Section 19a EStG, which was only newly created in 2021, was intended to prevent this immediate taxation and thus make employee share ownership schemes more attractive. The regulation is mainly aimed at start-ups and young companies. § However, the current version of Section 19a EStG has a number of weaknesses, meaning that it is currently irrelevant in practice. This is now set to change with the ZuFinG, which is due to come into force on 1 January 2024.

Expansion of the scope of application to include "grown-ups", "late-stage" and growth companies

One of the main problems and criticisms is the scope of the regulation, which leaves out many future and growth companies. To date, only employees of companies that fall under the criteria for small and medium-sized enterprises (SMEs: maximum 250 employees, EUR 50 million turnover and EUR 43 million balance sheet total) in the current or previous calendar year can benefit from the tax relief under Section 19a EStG. In addition, a maximum of 12 years may have passed since the company was founded.

The SME criteria are now to be doubled and companies that are up to 20 years old are also to be included. In addition, the look-back period will be extended from one to six years: if the company in question has not exceeded the new thresholds in any of the last six years, Section 19a EStG will apply. Furthermore, shareholdings in companies affiliated with the employer company are also to be tax-privileged in future. This also opens up new opportunities for established companies with young subsidiaries.

Increase in the tax-free allowance

The annual tax-free allowance for the acquisition of employee shareholdings is to be increased from EUR 1,440 to EUR 5,000.

Showstopper "dry income" removed

The fundamental problem to be solved with employee share ownership schemes is that of so-called dry income, i.e. the taxation of a non-cash benefit.
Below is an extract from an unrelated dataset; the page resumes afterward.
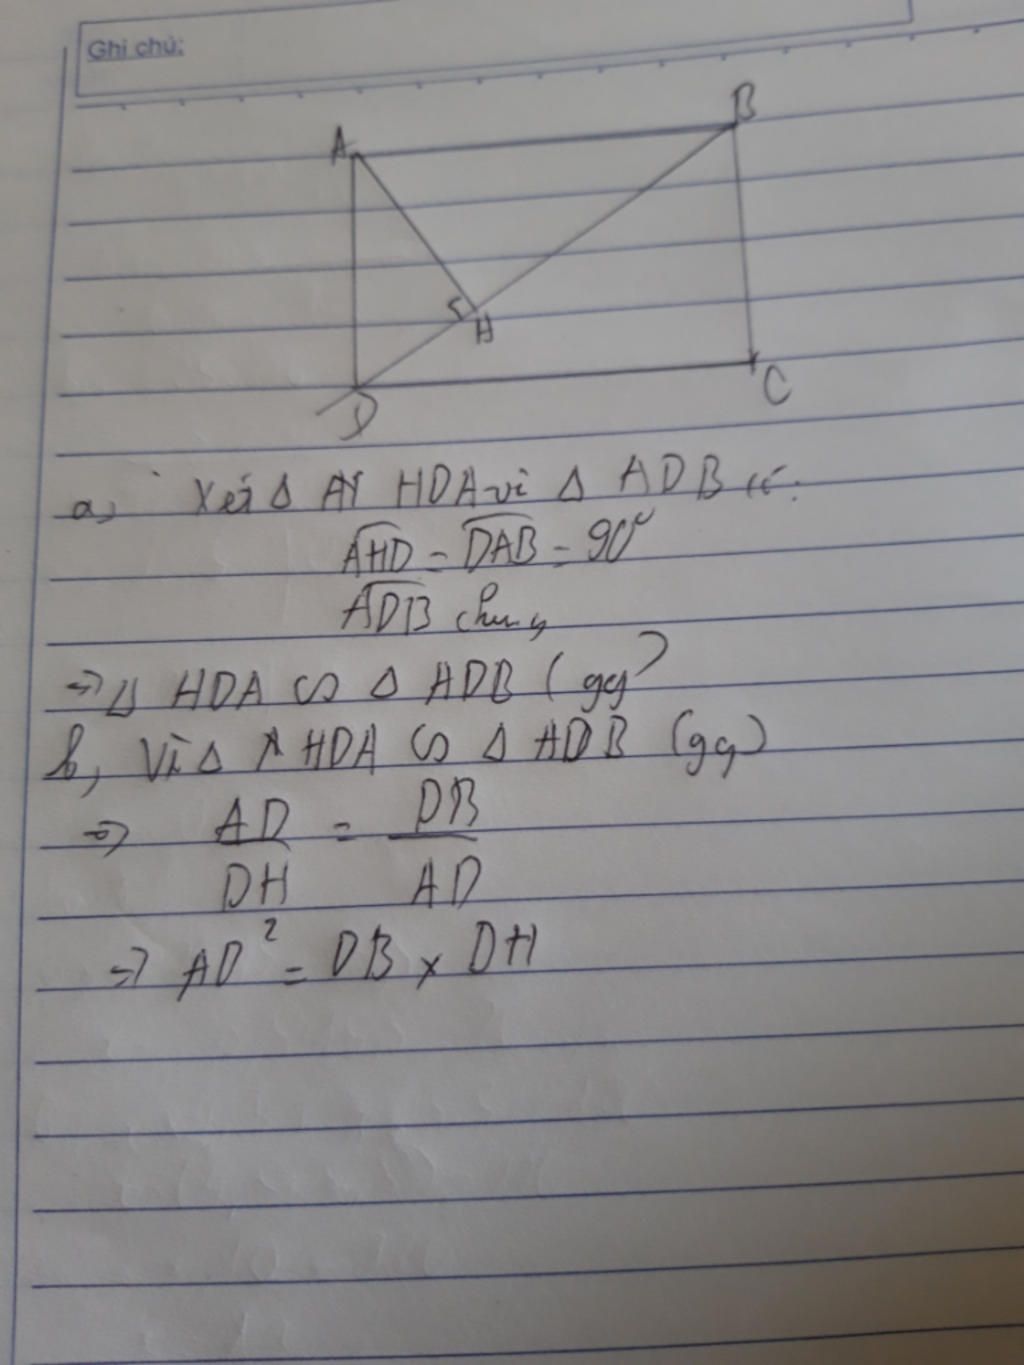 Cho hình chữ nhật ABCD, với H là trung điểm của BD. Chứng minh tam giác AHB đồng dạng với tam giác CBD.
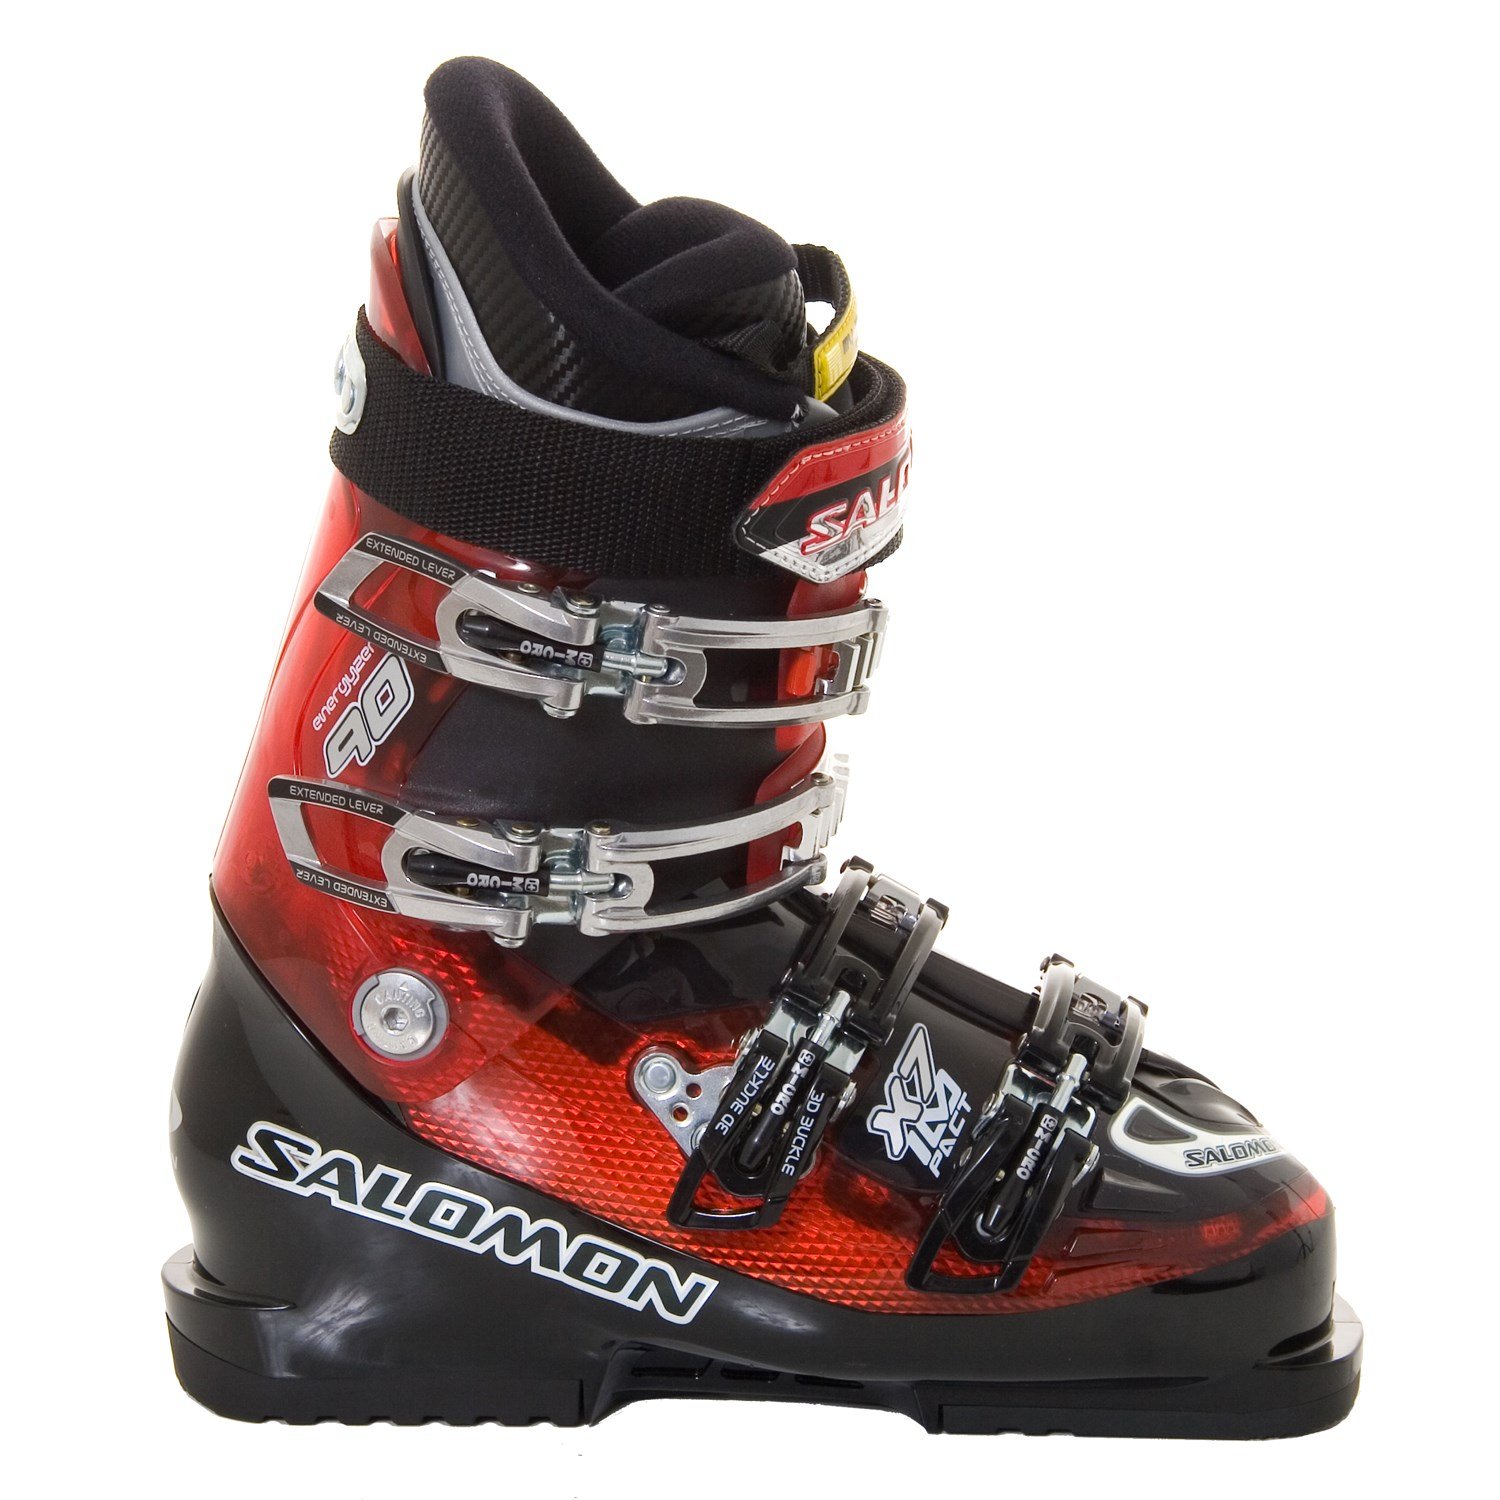 Nord Bryde igennem Et hundrede år Salomon Impact X7 Ski Boots 2009 | evo

This is because the employee does not actually receive income until the shares are sold.

§ Although Section 19a of the German Income Tax Act (EStG) currently only provides for so-called longstop taxation after 12 years, there are also some problematic substitute realisation situations that also trigger taxation. In particular, a change of employer or termination of employment by the employee lead to immediate taxation.

Taxation is now to be deferred for 20 years. In addition, a change of employer or termination of employment by the employee or the expiry of the 20-year period will no longer trigger immediate taxation for the employee in future if the employer irrevocably assumes liability for income tax in the event of the actual sale of shares.

Flat-rate taxation of 25%

The draft also provides for the possibility of flat-rate taxation of the non-cash benefit in the amount of 25% (plus solidarity surcharge, if applicable). This would lead to a fundamentally uniform taxation of the granting and subsequent sale of the participation and is significantly more attractive than the wage tax rate of up to 45%.

Excursus: So-called hurdle shares as an alternative structure

If the draft is actually implemented, the granting of employee share ownership schemes will become much simpler and more attractive, both for companies and employees.

One relevant alternative in the current legal situation is the structuring of employee share ownership via so-called hurdle shares. These are shares that have a negative liquidation preference and therefore only allow participation in future earnings. The shares therefore have no value at the time they are granted, meaning that there is no taxable benefit in money's worth. However, such arrangements require a certain amount of structuring and should always be backed up by an income tax ruling.

Summary and outlook

The draft bill provides for a significant improvement in the tax framework for employee share ownership schemes and would be a first step towards promoting innovation and investment in Germany.